Granola bars: Making your own

Granola (Provided photo — Yvona Fast)

A while ago I wrote about making your own granola. You can also make yummy granola bars with just a few simple ingredients, like oats and maple syrup.

Boxed granola bars can be overly sweet and loaded with calories. Homemade ones are healthier. Use less sugar and less fat. Nuts, sunflower seeds or peanut butter provide protein; you can add wheat germ or protein powder for an additional protein boost.

Pumpkin or applesauce can help you cut down on the saturated fat and add extra fiber. Use old-fashioned rolled oats and whole-wheat flour. You don’t have to be an expert baker — and this can be a nice project to do with kids. Recipes abound — and most are easy to prepare.

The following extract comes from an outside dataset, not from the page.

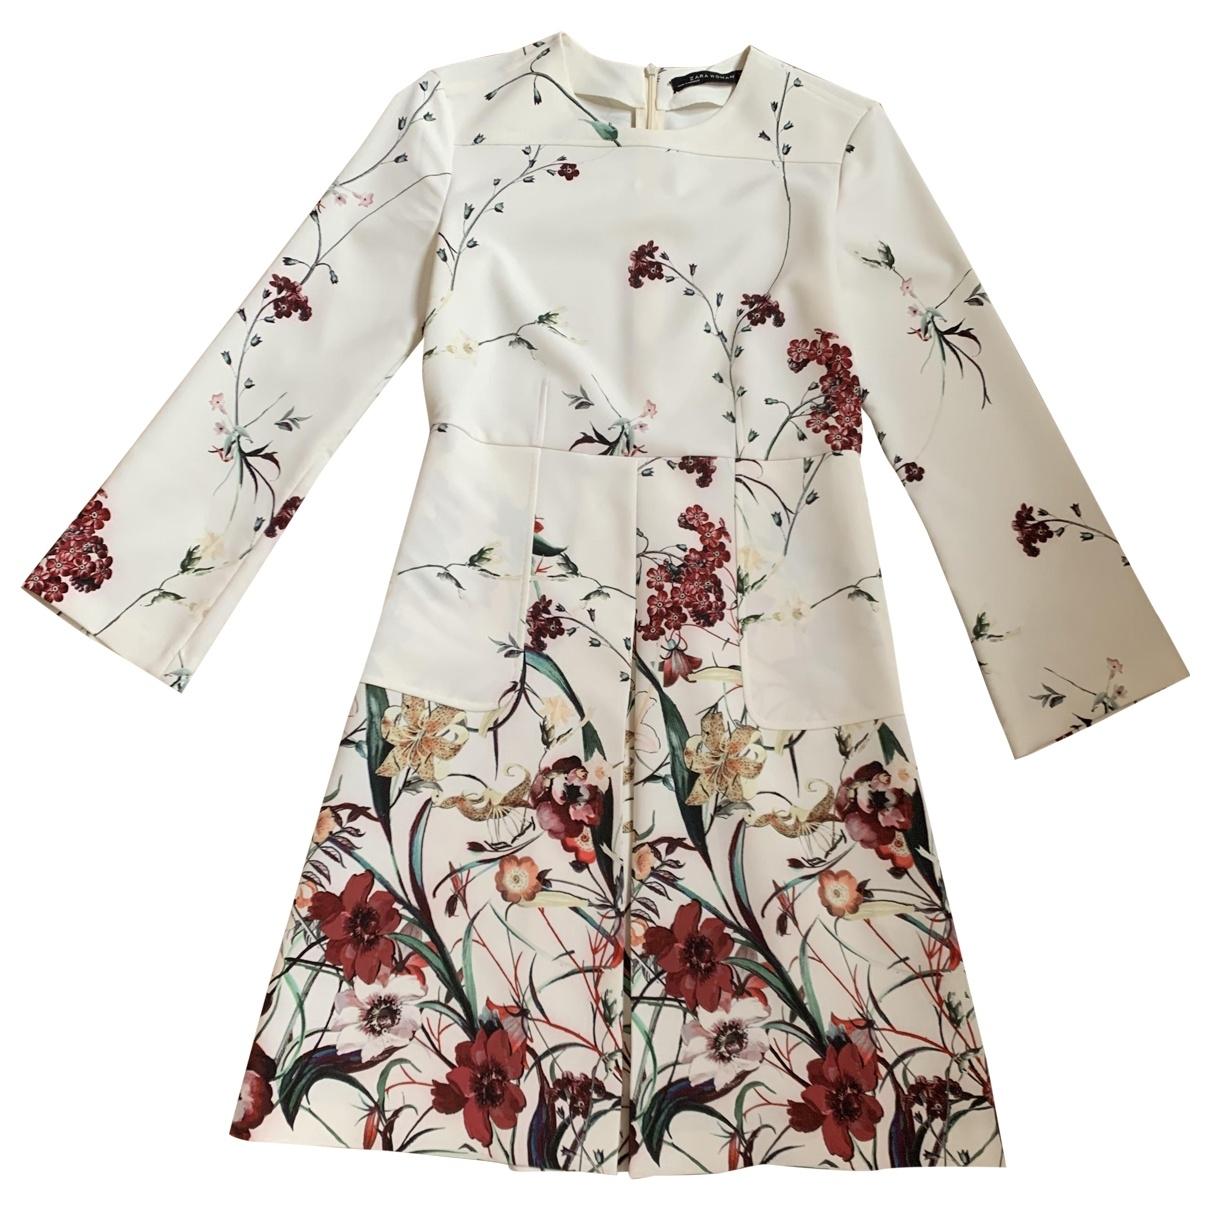 Zara \N Beige dress for Women S International
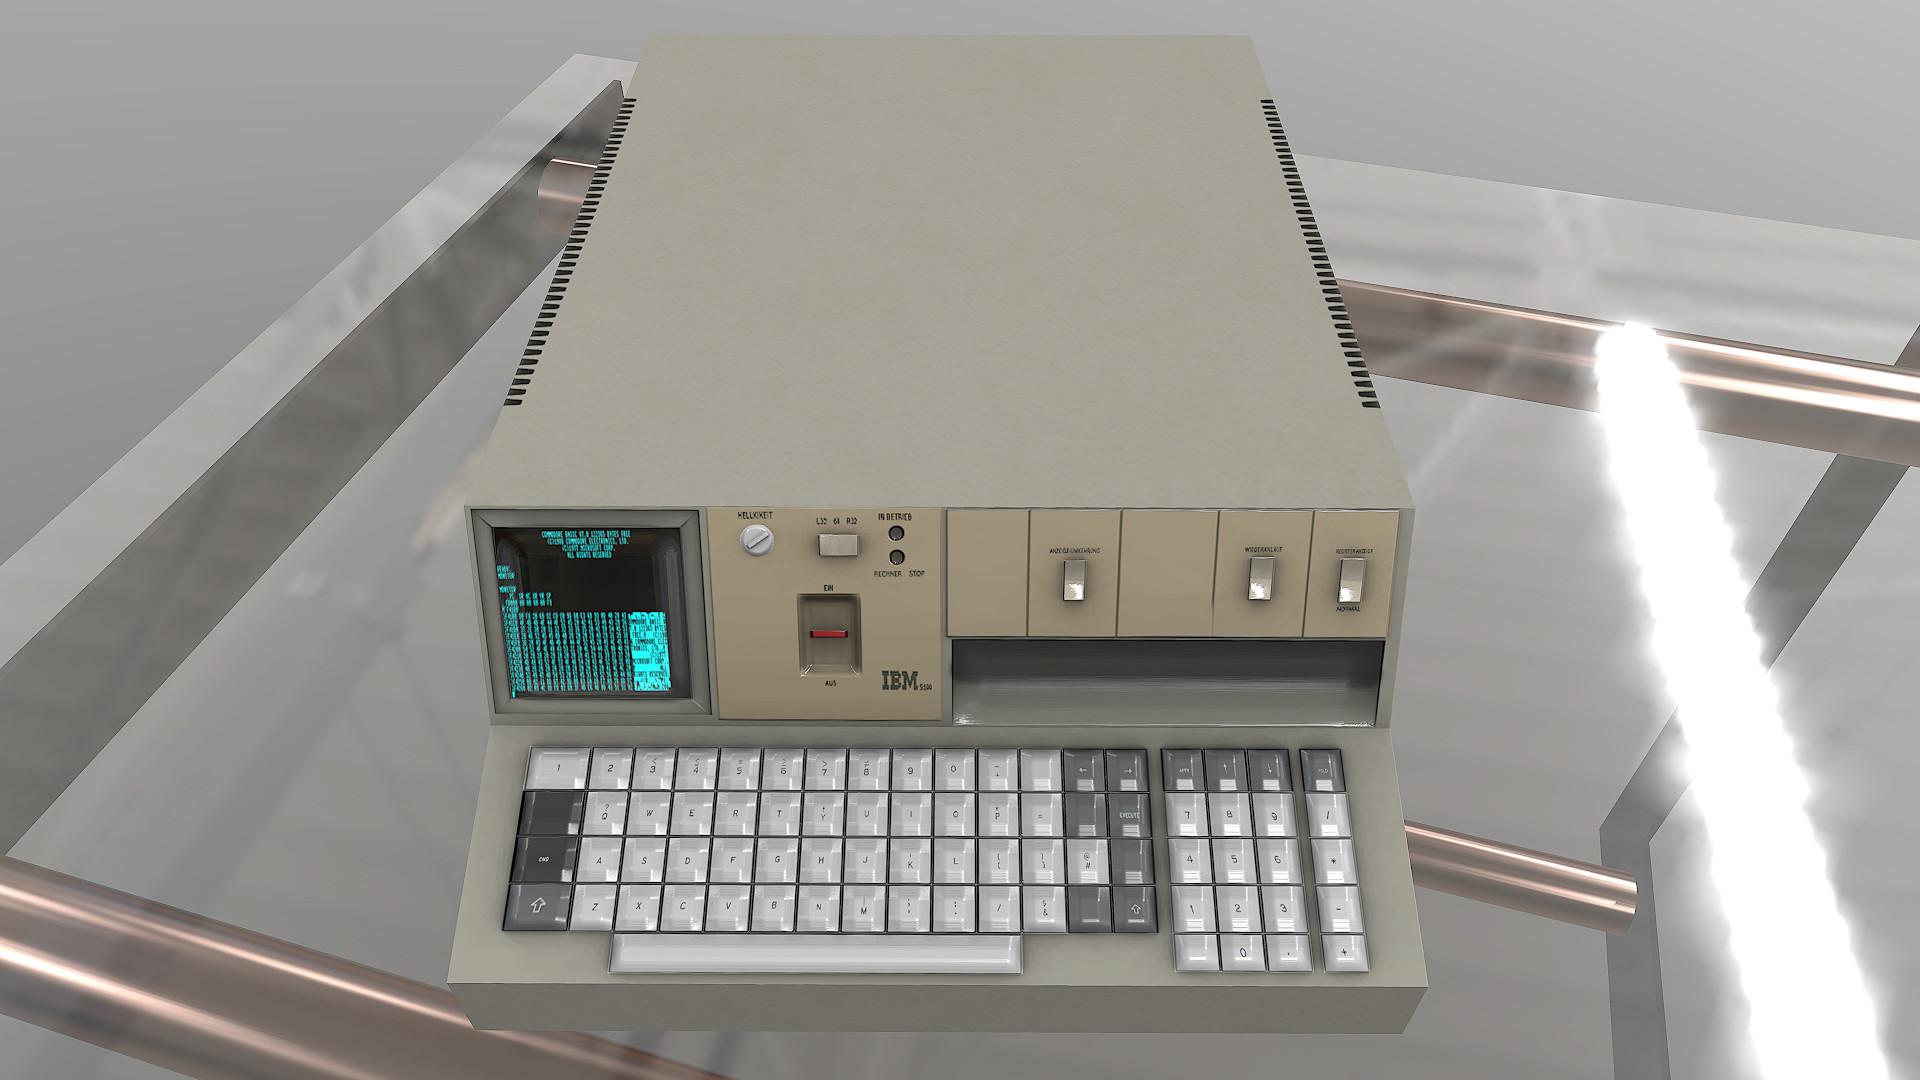 ArtStation - IBM 5100, Stefano Bertolin

They’re great, low-sugar, kid-friendly snacks — and there are many ways to make them. For a gluten-free version, use only oats and oat flour. There are no-bake varieties too.

Your basic ingredients are oats, some type of oil or nut butter, some type of sweetener (maple syrup, honey or brown sugar). For extra nutrition, add ground flax, chia, or wheat germ.

No Bake Granola Protein Balls (Provided photo — Yvona Fast)

There are no-bake versions and baked versions. My attempt at a baked granola bar did not turn out — they fell apart and did not hold together. No-bake versions are held together with dates or nut butters and refrigerated.

Begin by mixing your dry ingredients: Oats, flour (oat or whole-wheat), baking soda. Then add the liquids: Maple syrup or honey and butter. A little salt, spices like cinnamon or vanilla. Then you can add nuts and dried fruit of your choice, coconut or chocolate chips. There are so many variations — use your imagination as you combine ingredients.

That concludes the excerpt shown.